In June 2019, I was visiting my parents. One day I learned that, the previous afternoon, Tabrez Ansari had been lynched by a mob, less than three hours away from our house. My immediate instinct was to think about what we had been doing when this young man was being beaten to death. We were watching TV, eating mangoes, fussing over the temperature of the air-conditioner, and complaining about the warm weather. Suddenly, there was nothing normal about what had seemed to be a rather normal set of activities only a day ago. How is it normal to watch TV when a man is being murdered in your own backyard? And if it is normal in India of 2020 then why is it so? I wrote this story to un-normalise hatred in my own limited capacity as a writer.

When you set out to write a story, do you deliberately choose to address specific socio-political themes and construct a plot around it? Or, does the plot come first?

The emotional turmoil of a character comes first. It is only then that I am tempted to inquire into the sources of the turmoil and create a plot that would best facilitate that inquiry. Sometimes the socio-political underpinnings of a character’s emotional landscape are more seemingly urgent. The Great Indian Tee and Snakes , for instance, takes up issues that manage to find their way into news headlines. But sometimes a character is grappling with the politics of everyday life. After all, politics extends beyond what is in the news.

You said in a recent interview that “Hinglish” is your most comfortable language. With respect to language and subject, do you think the diversity of Indian English writers has increased over the last few years?

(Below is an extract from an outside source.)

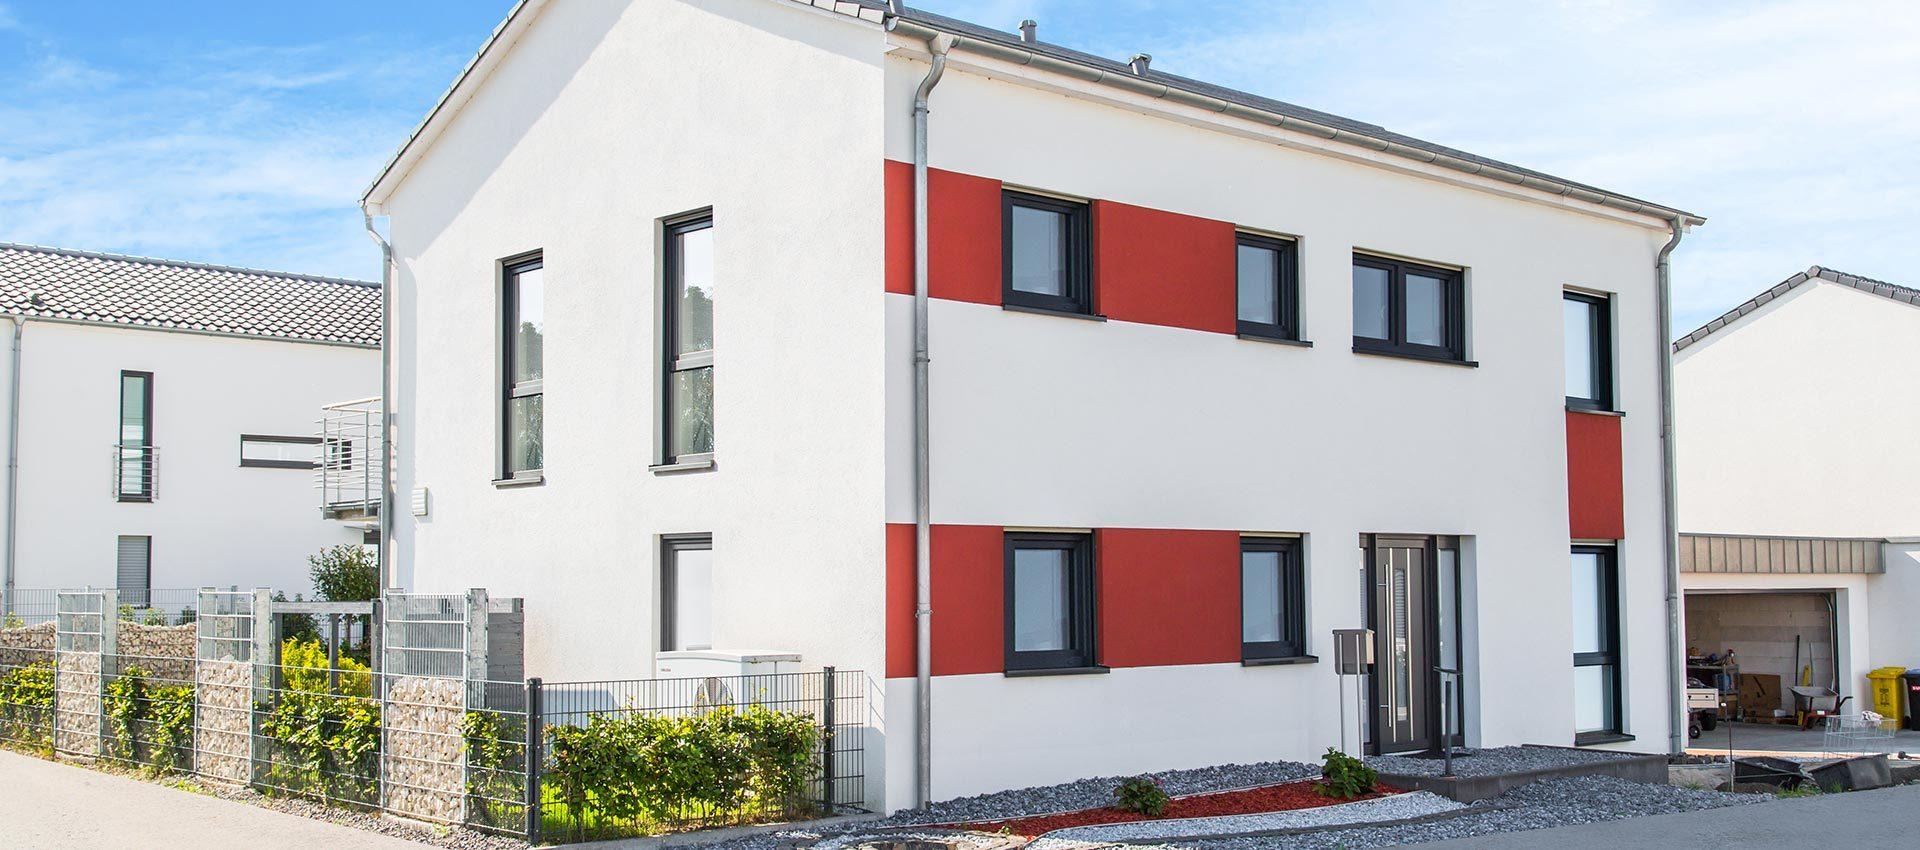 Haus Taschner PN1877
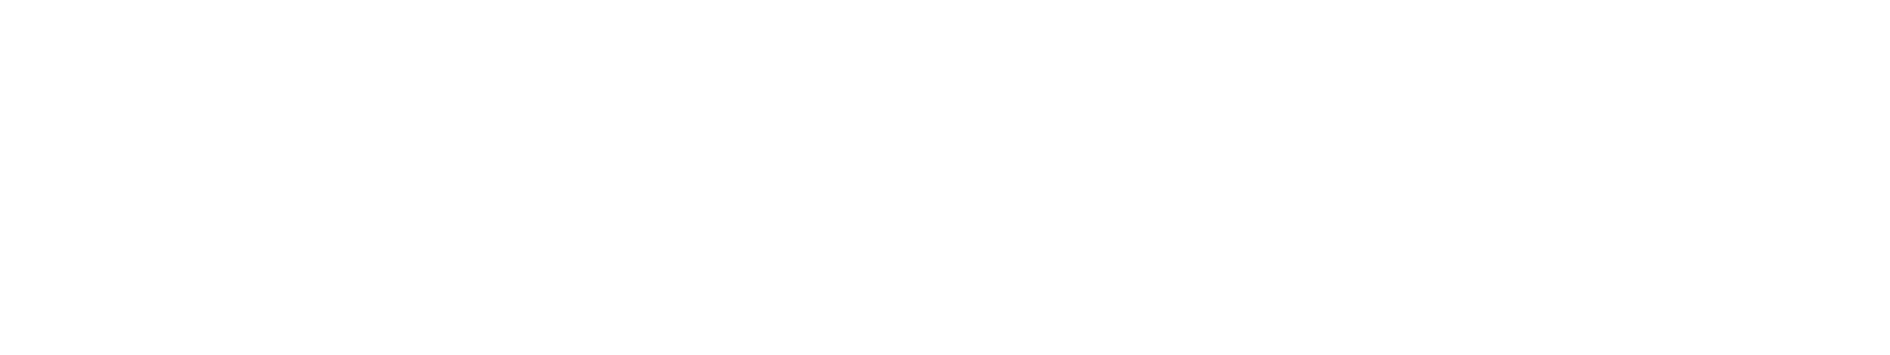 ERGON 750 WG

One of the most exciting developments in the works of young Indian English writers is the dispensability of the West. We no more need to have a character who writes letters to a distant relative who happens to be an undocumented immigrant in San Fransico in order for the publishing industry to take us seriously. Our characters can finally live and die within the geopolitical borders of the subcontinent and be trusted to have interesting lives. Yet, in the coming years, I wish all of us Indian English writers would take more risks with subject matter as well as language. Because we have not told nearly enough stories as yet considering that there is no other country in the world like India. It is one of the most daring political experiments in the history of humankind. So the possibilities of telling path-breaking stories are as endless as the need to do so.

Do you think it is important to have more storytellers in English from Tier-2 and Tier-3 cities in India? If yes, why?

When I was eight years old, my family briefly migrated to Surat, and then to Mumbai, so my father could try his luck at the textile business. Those four years of living in western India as a Bihari/Jharkhandi taught me, for the first time, what it means to be otherised. I realised that the version of Hindi that we spoke back home was looked down upon everywhere else. So I can not even imagine what more than 65% of Indians, who live in rural areas, go through when they encounter what we consider to be Indian (pop) culture. Therefore, although we are still far from arriving at a coherent representation of India in our works of literature, the emergence of writers from Tier-2 and Tier-3 cities is a step forward in that direction.